Metadata definition

OpenML is at its core a meta-database, from which datasets, pipelines (flows), experiments (runs) and other entities can be downloaded and uploaded, all described using a clearly defined meta-data standard. In this document, we describe the standard how to upload entities to OpenML and what the resulting database state will be.

Croissant

OpenML has partnered with MLCommons, Google, Kaggle, HuggingFace, and a consortium of other partners to define a new metadata standard for machine learning datasets: Croissant! You can already download all OpenML datasets in the Croissant format, and we're working further supporting and extending Croissant.

Below is the OpenML metadata standard for version 1 of the API.

Data¶

Data is uploaded through the function post data. The following files are needed:

description: An XML adhiring to the XSD schema.
dataset: An ARFF file containing the data (optional, if not set, there should be an URL in the description, pointing to this file). Uploading any other files will result in an error.

Tasks¶

Tasks are uploaded through the function post task. The following files are needed:

description: An XML adhering to the XSD schema. Uploading any other files will result in an error.

The task file should contain several input fields. These are a name and value combination of fields that are marked to be relevant by the task type definition. There are several task type definitions, e.g.:

Note that the task types themselves are flexible content (ideally users can contribute task types) and therefore the documents are not part of the OpenML definition. The task types define which input fields should be set, when creating a task.

Duplicate tasks (i.e., same value for task_type_id and all input fields equal) will be rejected.

When creating a task, the API checks for all of the input fields whether the input is legitimate. (Todo: describe the checks and what they depend on).

Flow¶

Flows are uploaded through the function post flow. The following file is needed:

description: An XML adhering to the XSD schema. Uploading any other files will result in an error.

Duplicate flows (i.e., same values for name and external_version) will be rejected.

Runs¶

Runs are uploaded through the function post run. The following files are needed:

description: An XML adhering to the XSD schema.
predictions: An ARFF file containing the predictions (optional, depending on the task).
trace: An ARFF file containing the run trace (optional, depending on the flow).

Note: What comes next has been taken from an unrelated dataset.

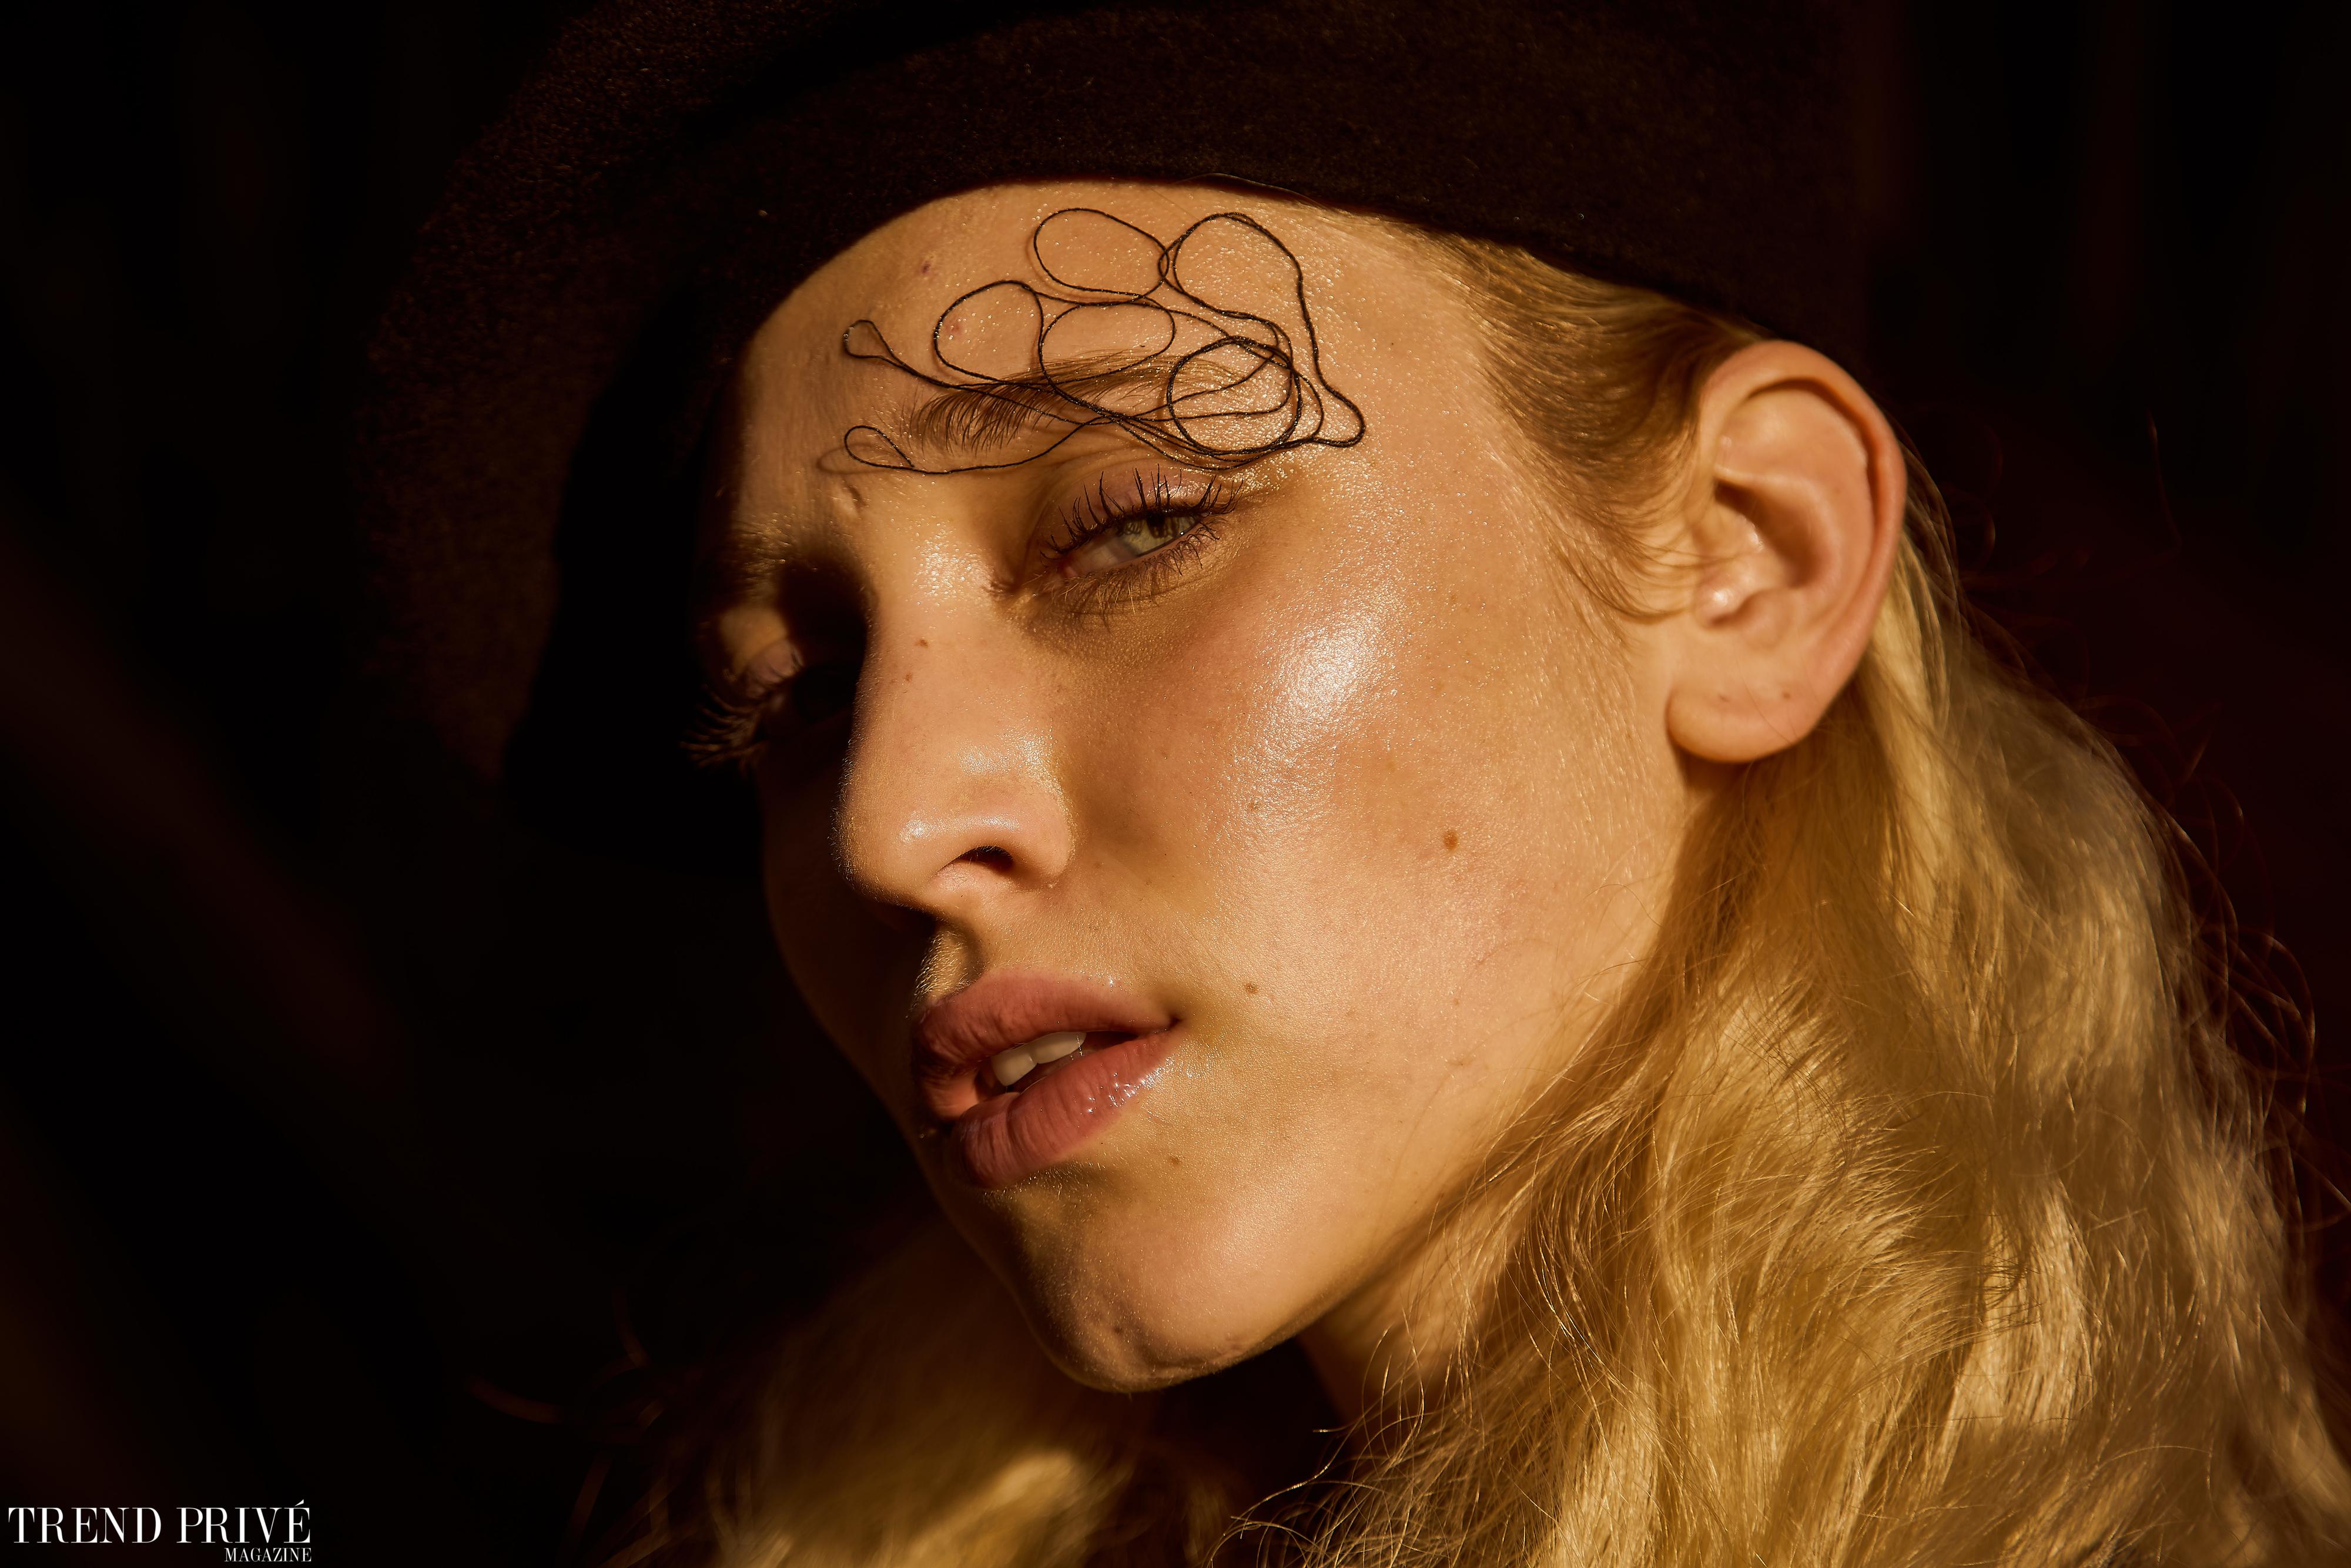 Editorial-Moda-Trend Privee-Lifestyle-Diseñadora-Cristina Jiménez Rey Fotografo

Uploading any other files will result in an error.

Predictions¶

The contents of the prediction file depends on the task type.

Task type: Supervised classification¶

Example predictions file

repeat NUMERIC
fold NUMERIC
row_id NUMERIC
confidence.{$classname}: optional. various columns, describing the confidence per class. The values of these columns should add to 1 (precision 1e-6).
(proposal) decision_function.{$classname}: optional. various columns, describing decision function per class.
prediction {$classname} Runs that have a different set of columns will be rejected.

Trace¶

Example trace file

repeat: cross-validation repeat
fold: cross-validation fold
iteration: the index order within this repeat/fold combination
evaluation (float): the evaluation score that was attached based on the validation set
selected {True, False}: Whether in this repeat/run combination this was the selected hyperparameter configuration (exactly one should be tagged with True)
Per optimized parameter a column that has the name of the parameter and the prefix "parameter_"
setup_string: Due to legacy reasons accepted, but will be ignored by the default evaluation engine

Traces that have a different set of columns will be rejected.